Matt over at Fuddbusters (who is a lawyer, and FFL, and stamp collector) pointed out that the machinations pulled by NYC to "moot" the previous case basically shoot themselves in the foot over trying to moot this one as well.
The previous NYC case was argued for a
decade. As soon as it was granted
certiori, the Mayor, the Governor and the NYAG colluded to moot the case in less than two weeks.
So, to moot this case would likely need to find a way to not "damage" every denied applicant (using Spats' ripeness formulation) which is a large class in the State. So, they are likely between a rock and a hard place.
.apparently many judges ignore this.
Ah, "strict scrutiny" is meant to limit
legislators, not courts.

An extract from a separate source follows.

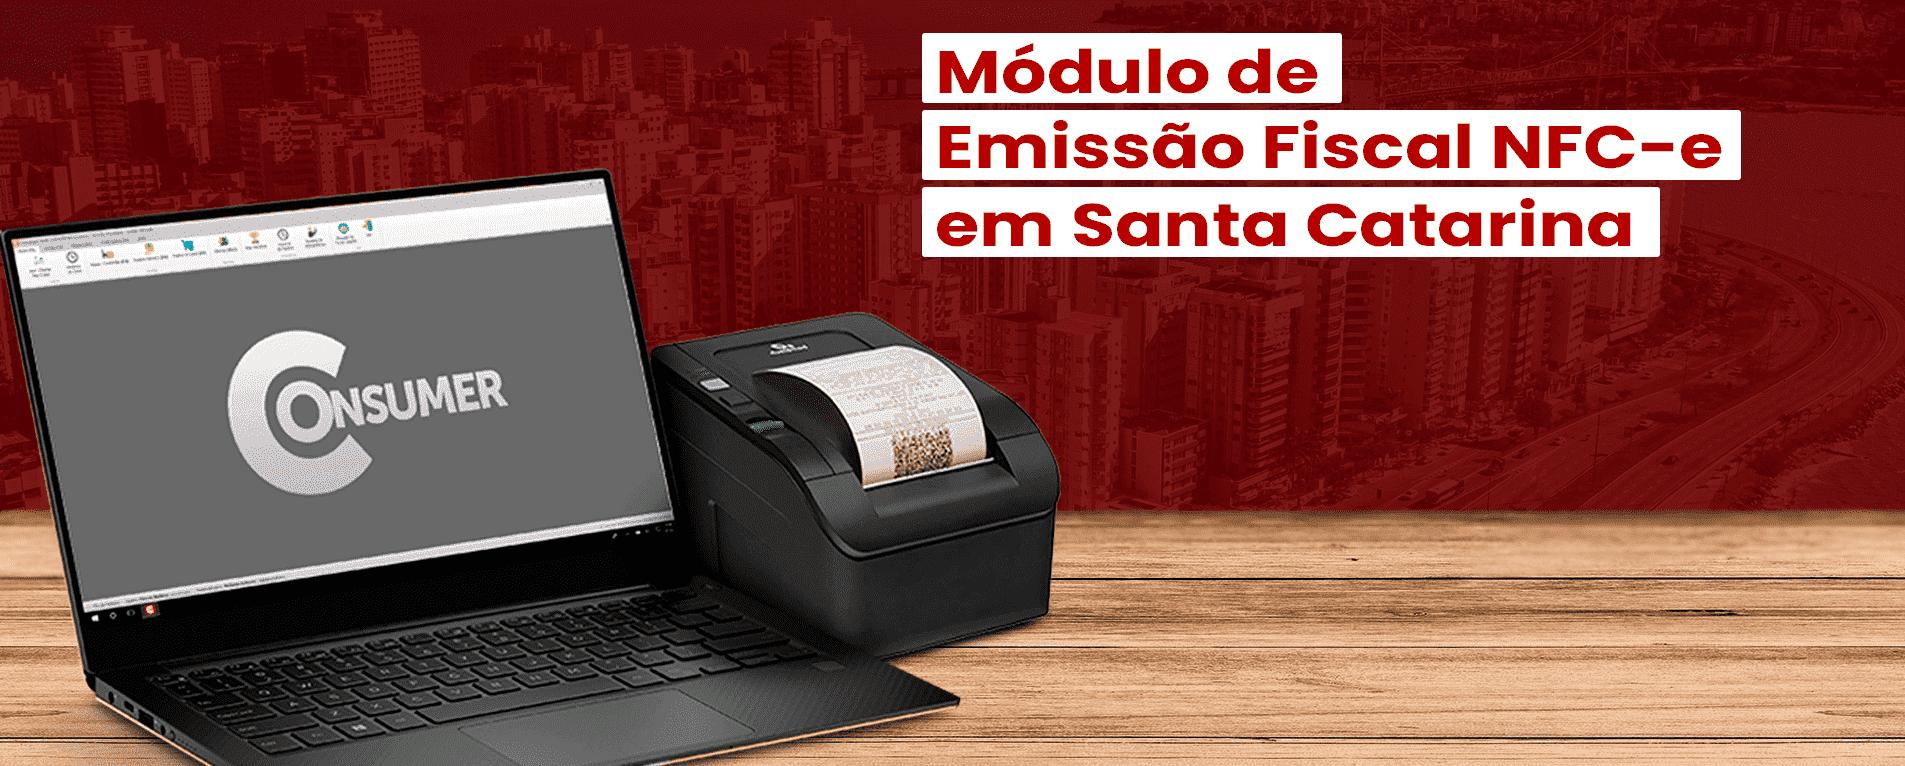 Consumer Lança Módulo de Emissão Fiscal NFC-e em Santa Catarina

Courts will follow laws as established and following known precedent.
It takes a pretty unique intersection for these cases to "break out." Person is charged with Violation, they are offered a plea deal which is no more than a fine. Most people are busy living their lives. Pay the fine, it all goes away. Or, find a suitable legal team and contend "the Law making it a Violation is wrong" and stick to that for a decade or more.
The Cook County, Illinois AR ban is dumb, and goes against common use, etc. But, until someone can present a case that clearly states "Demonstrate the Public Good the ban fulfills" and have them answer that contention, the law stands. Law is a ponderous and considered thing. It does not corner in tight radii.